Suas armas se chocavam contra os escudos inimigos com força, apenas para serem facilmente desviadas, enquanto as pesadas lanças e alabardas de seus adversários miravam suas armaduras, com a intenção de esmagar o metal e as caixas torácicas por baixo. Ou pelo menos, era isso que teria acontecido se estivessem usando equipamentos padrão.
Em vez disso, as lanças inimigas estilhaçaram-se contra o aço negro, suas pontas metálicas desintegrando-se com um guincho penetrante. O mesmo aço negro que compunha suas armas cortou os escudos dos Guerreiros da Luz como uma faca quente na manteiga. A carne tenra dos portadores de escudo não teve melhor sorte — foram sumariamente partidos ao meio.
Todos os cinco portadores de escudo — incluindo aquele que os Saqueadores do Deus da Guerra haviam empurrado para o lado — foram obliterados em um único golpe sincronizado.
Um silêncio pesado cobriu a arena. Todos os duelistas sobreviventes pararam por um instante, até mesmo os responsáveis pelo massacre.
‘Puta merda! Achei que os escudos deles seriam difíceis de quebrar, mas são tão frágeis quanto papel,’ pensou Ekho, antes de cair numa crise de riso maníaco.

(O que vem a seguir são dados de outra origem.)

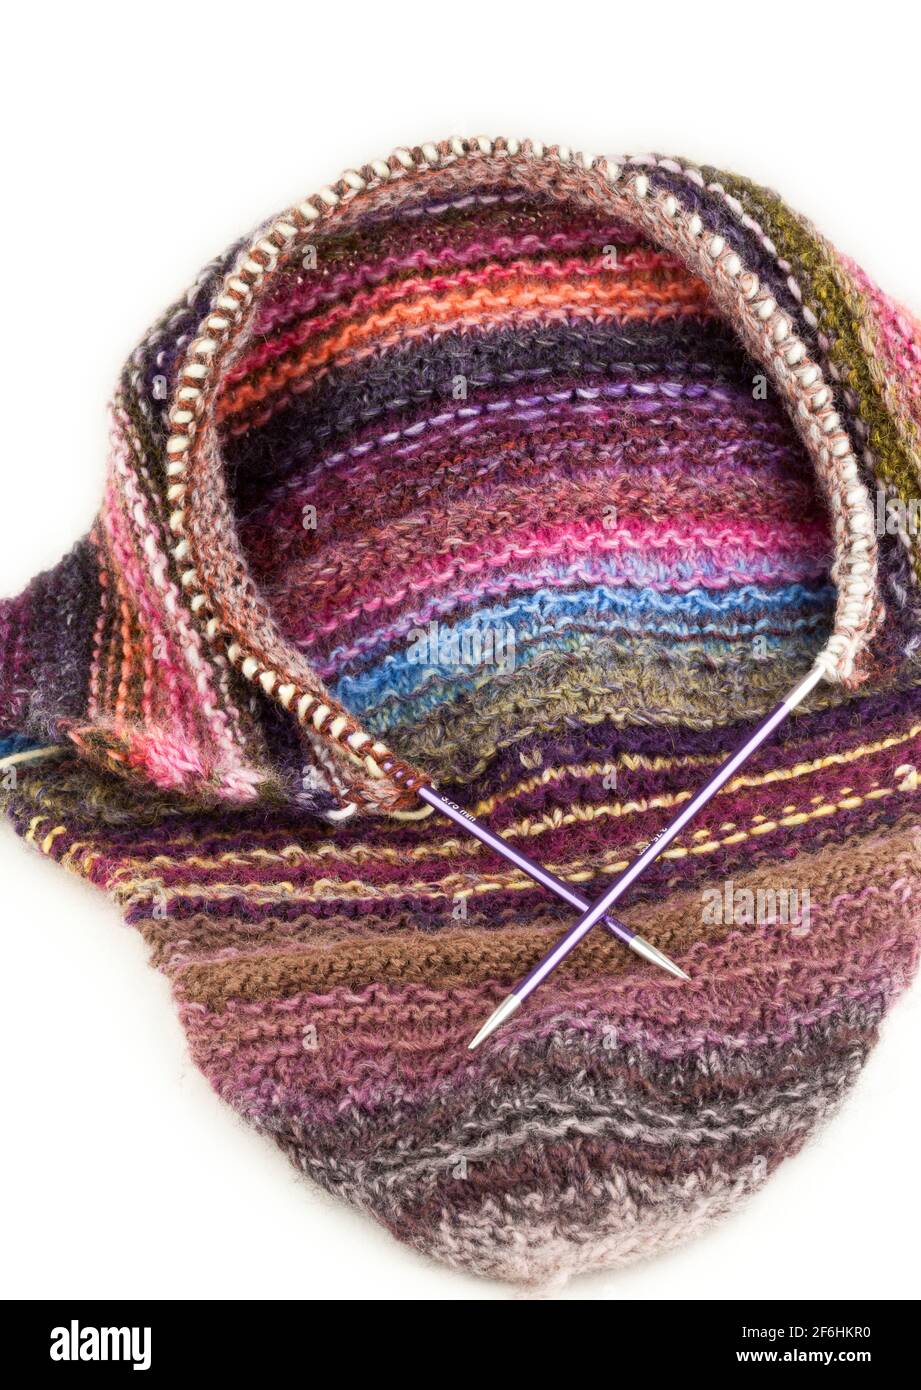 Knitting using  circular needles and yarn Stock Photo

Os dois Saqueadores do Deus da Guerra sobreviventes ficaram ainda mais perplexos — atônitos e invejosos. ‘Por que diabos o tratamento entre nós é tão diferente?! Se tivessem me dado uma armadura dessas, por que eu teria me dado ao trabalho de me tornar um saqueador?’
A risada insana de Ekho ecoou pela arena, seu puro espanto ressoando em todos os presentes. Para o Trono do Crepúsculo, foi um momento de euforia; para o Conclave Radiante, humilhação absoluta. Ao verem isso, os quatro Santos se tornaram sombrios, seu silêncio apenas amplificando a ameaça que transmitiam.

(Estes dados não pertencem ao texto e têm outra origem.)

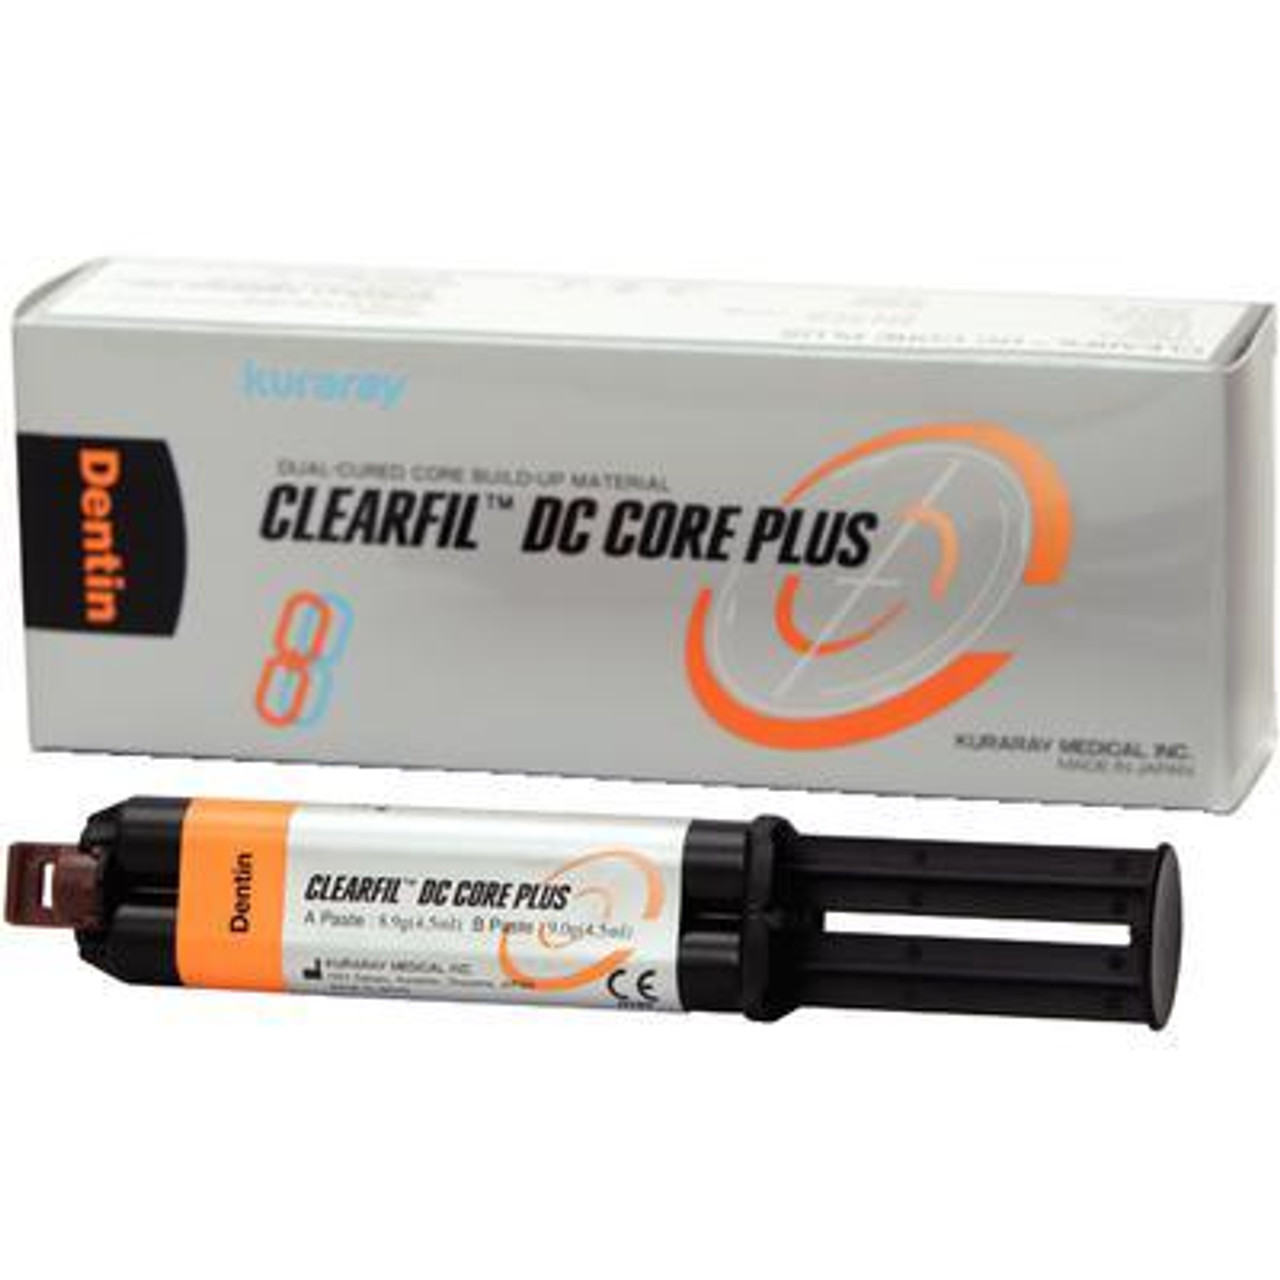 Clearfil DC Core Plus (White)-4.5 ml ea, Kuraray, 2943KA

“Admitimos a derrota… nesta rodada”, declarou o Mestre Eldrion em tom resignado dez segundos depois, optando por poupar a vida dos Guerreiros da Luz restantes.

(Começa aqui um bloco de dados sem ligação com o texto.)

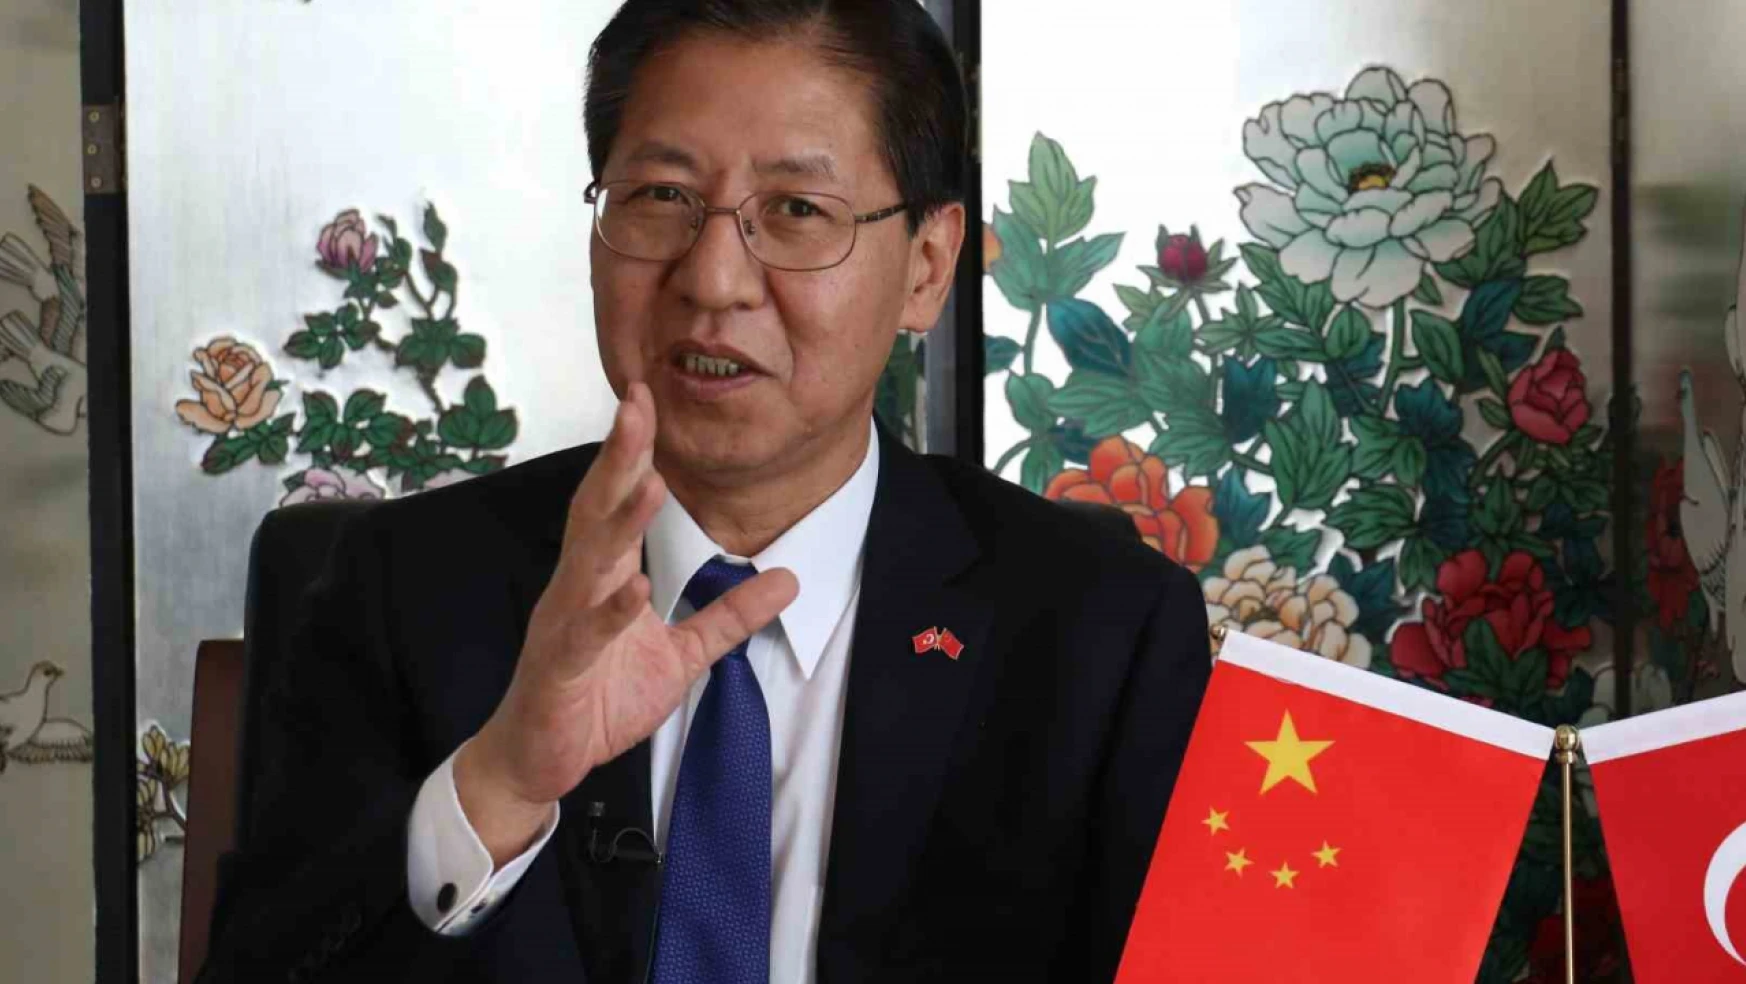 Çin'in Ankara Büyükelçisi Shaobin: Dış güçlerin Türkiye'nin iç işlerine karışmasına karşı çıkıyoruz

Em um único confronto, ele percebeu que a disparidade de equipamentos era um obstáculo intransponível. Que se dane a honra, sua compaixão não lhe permitiria enviar soldados valentes para a morte sem motivo.
Sua voz era pouco mais alta que um sussurro, mas por alguma magia desconhecida, ecoou até as arquibancadas adversárias, sua rendição no primeiro duelo reverberando até as linhas de fundo como um trovão. Ao ouvir sua concessão, Jake não hesitou; com um único pensamento, ele usou telecinese para separar os lutadores sobreviventes.
Seu timing não poderia ter sido melhor; naquele exato instante, um dos dois Saqueadores do Deus da Guerra estava prestes a ser decapitado, enquanto seu atacante ostentava um olhar vidrado, sua alma irreparavelmente danificada pela Aura da Lumyst Espiritual do Saqueador do Deus da Guerra restante.
Assim que a notícia da vitória foi assimilada, o exército do Trono do Crepúsculo irrompeu em vivas que fizeram a terra tremer. Era o que acontecia quando um bilhão de bárbaros rugiam de orgulho ao mesmo tempo. Jake suspeitava que muitos deles ficariam surdos até o fim do dia.
Ainda assim, ele não tinha intenção de impedi-los. Qualquer coisa que abalasse o moral do inimigo era uma vitória para ele. Infelizmente, o Mestre Eldrion não era ingênuo, e sua voz ecoou mais uma vez, abafando a comemoração.
“Que comece a segunda rodada!”
Ele não tinha a menor intenção de dar-lhes um descanso.